*** Opening Data block ***
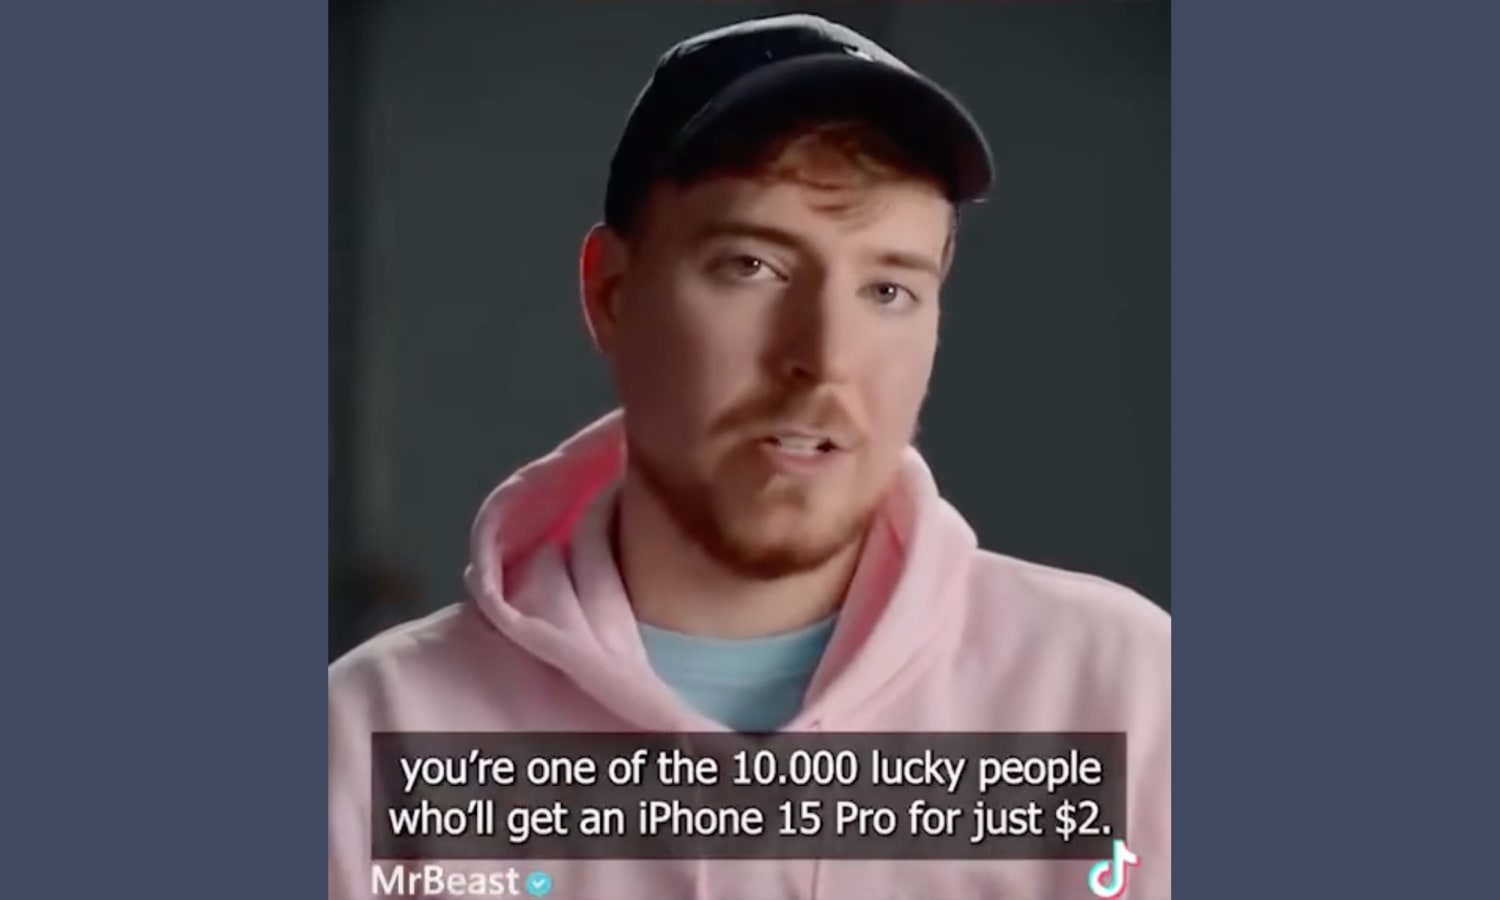 Who is MrBeast & why does he keep appearing on our Instagram
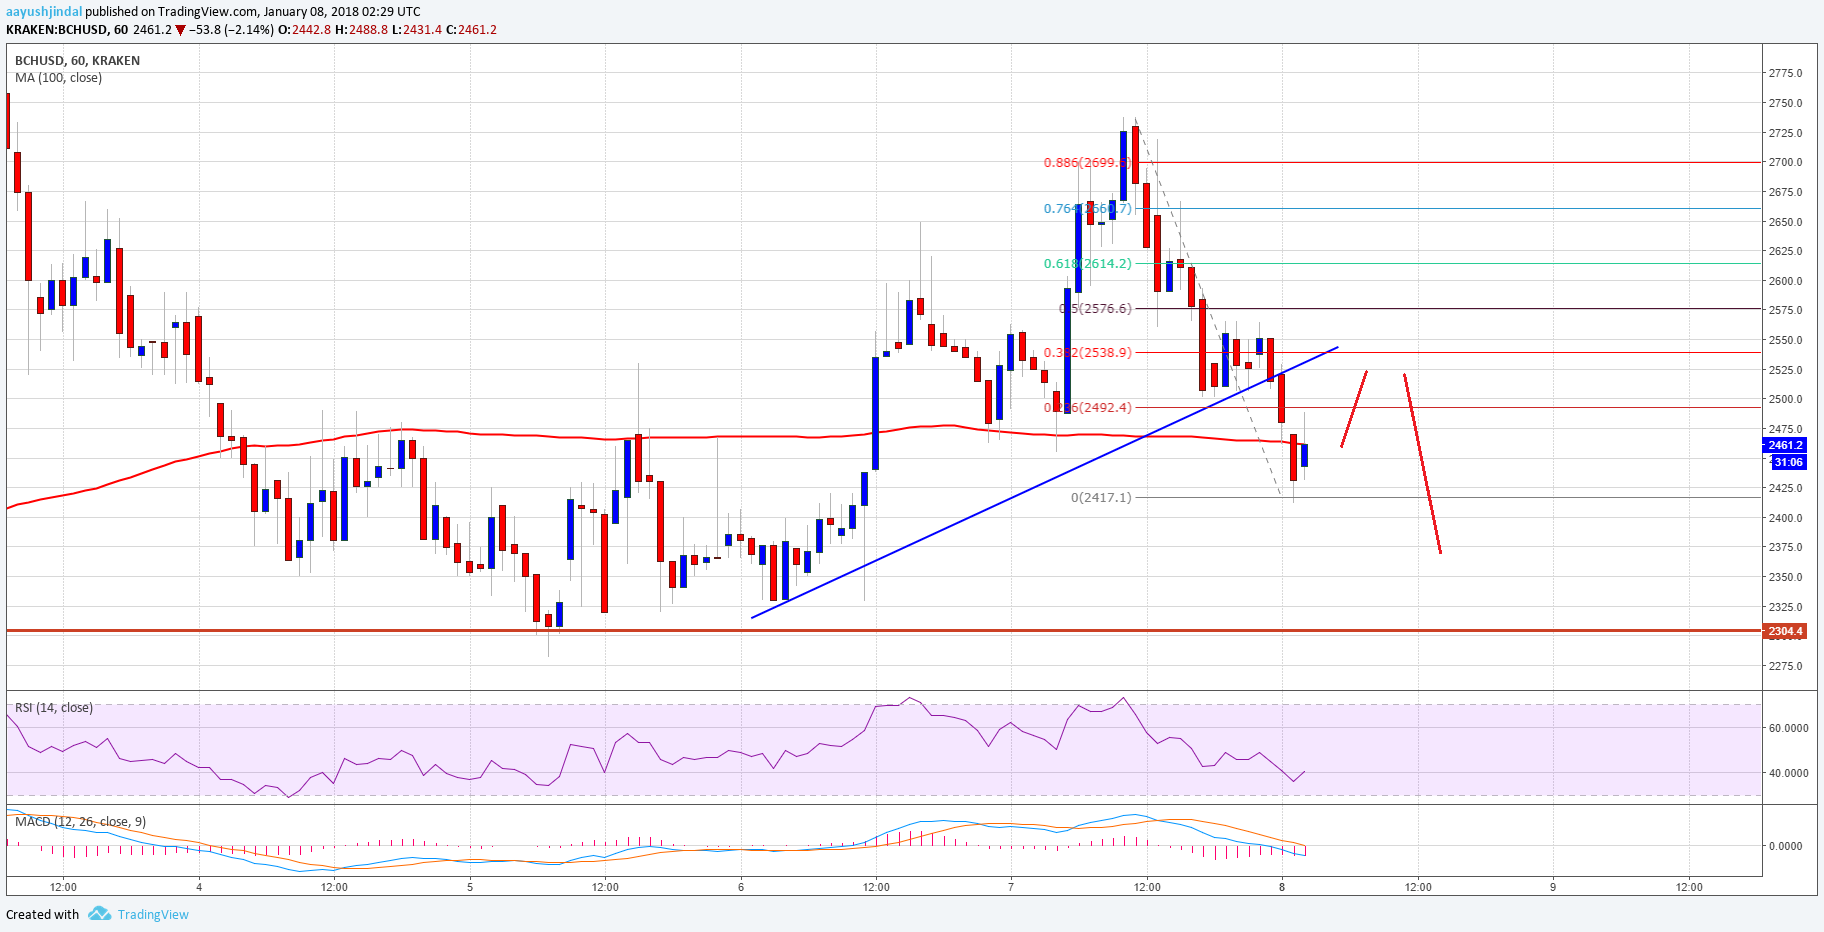 Bitcoin Cash Price Technical Analysis – BCH/USD to Retest $2300
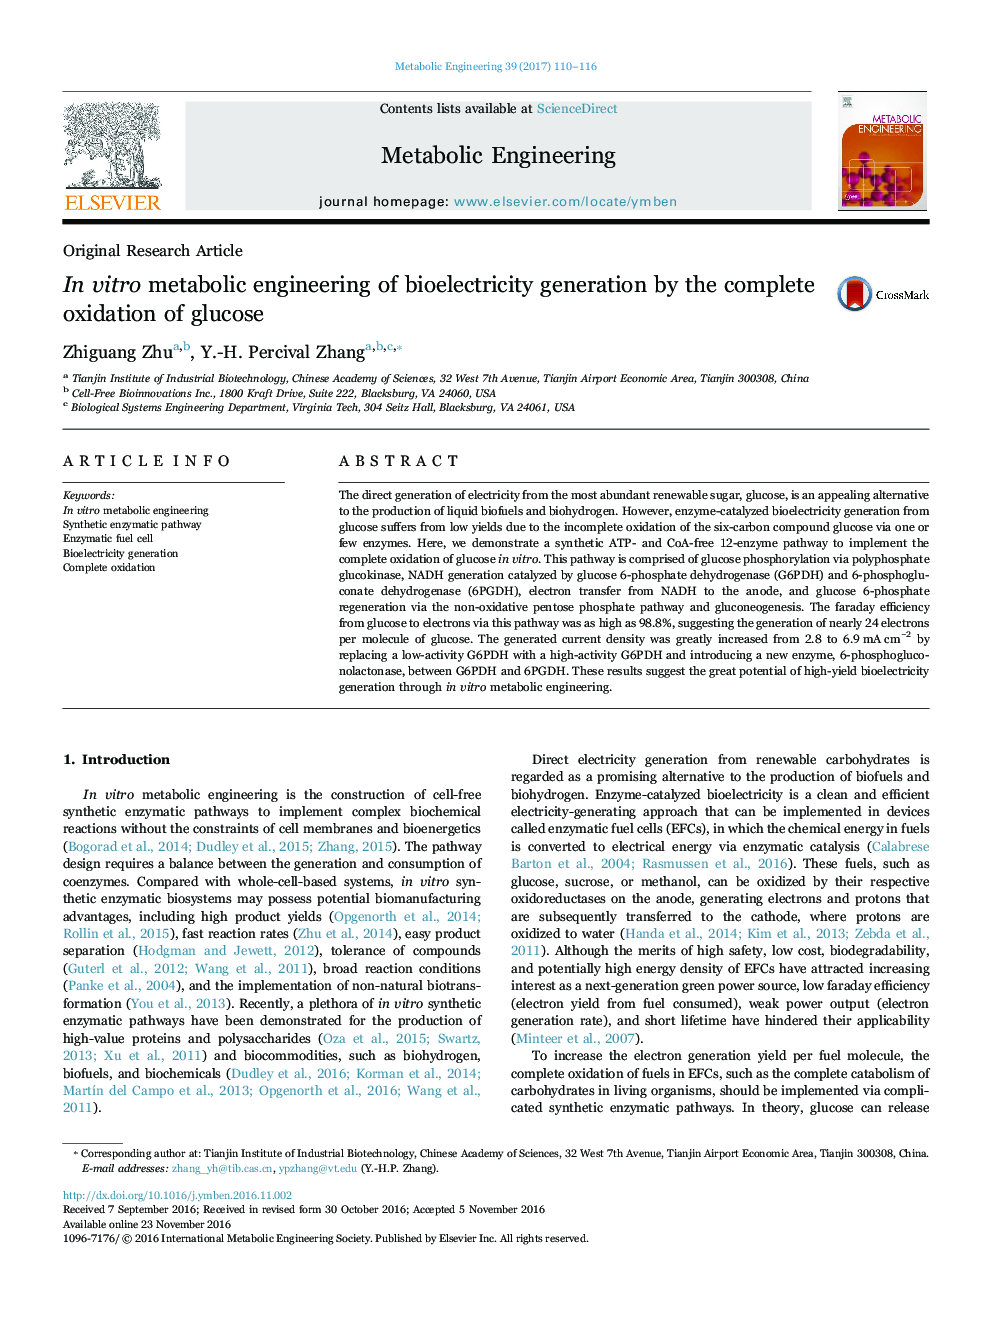 Original Research ArticleIn vitro metabolic engineering of bioelectricity generation by the complete oxidation of glucose
*** Closing Data block ***
[Task description] When you copy the data above, keep each line exact and omit the pictures.

[Exercise solution]
 Who is MrBeast & why does he keep appearing on our Instagram
 Bitcoin Cash Price Technical Analysis – BCH/USD to Retest $2300
 Original Research ArticleIn vitro metabolic engineering of bioelectricity generation by the complete oxidation of glucose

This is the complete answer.